Jeremy James Siegel (born November 14, 1945) is the Russell E. Palmer Professor of Finance at the Wharton School of the University of Pennsylvania in Philadelphia, Pennsylvania. Siegel comments extensively on the economy and financial markets. He appears regularly on networks including CNN, CNBC and NPR, and writes regular columns for Kiplinger's Personal Finance and Yahoo! Finance.
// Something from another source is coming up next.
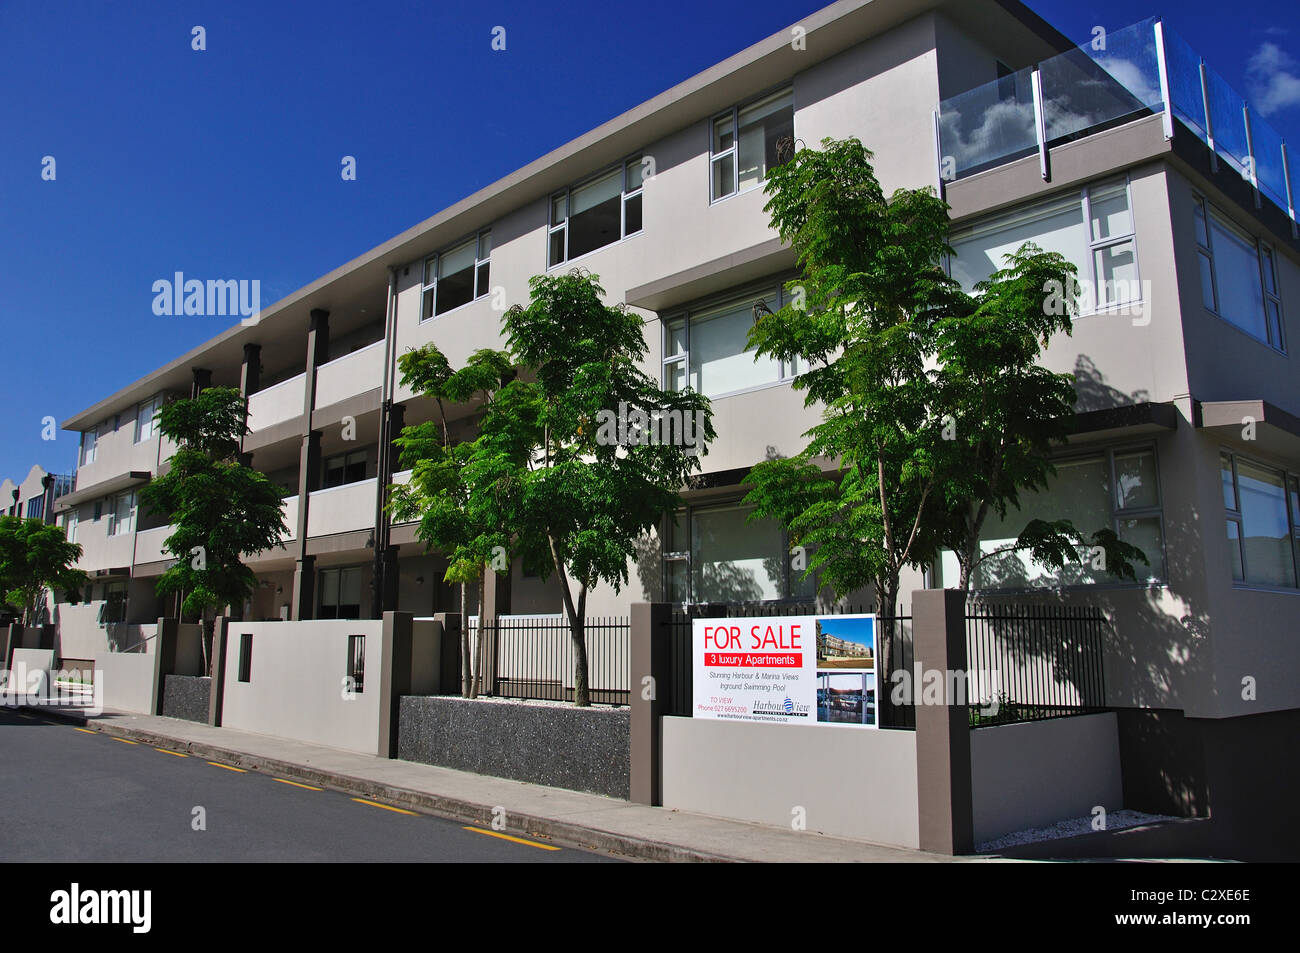 Porto di lusso appartamenti in vendita, Esplanade, Whitianga, Mercurio Bay, Penisola di Coromandel, regione di Waikato, Nuova Zelanda Foto Stock

Siegel's paradox is named after him.

Biography
Siegel was born into a family of Jews in Chicago, Illinois, and graduated from Highland Park High School.  He majored in mathematics and economics as an undergraduate at Columbia University, graduating in 1967, and obtained a Ph.D. from MIT in 1971. At MIT he studied under Paul Samuelson and Robert Solow, both Nobel Prize winners.

He taught at the University of Chicago for four years before moving to the Wharton School of the University of Pennsylvania.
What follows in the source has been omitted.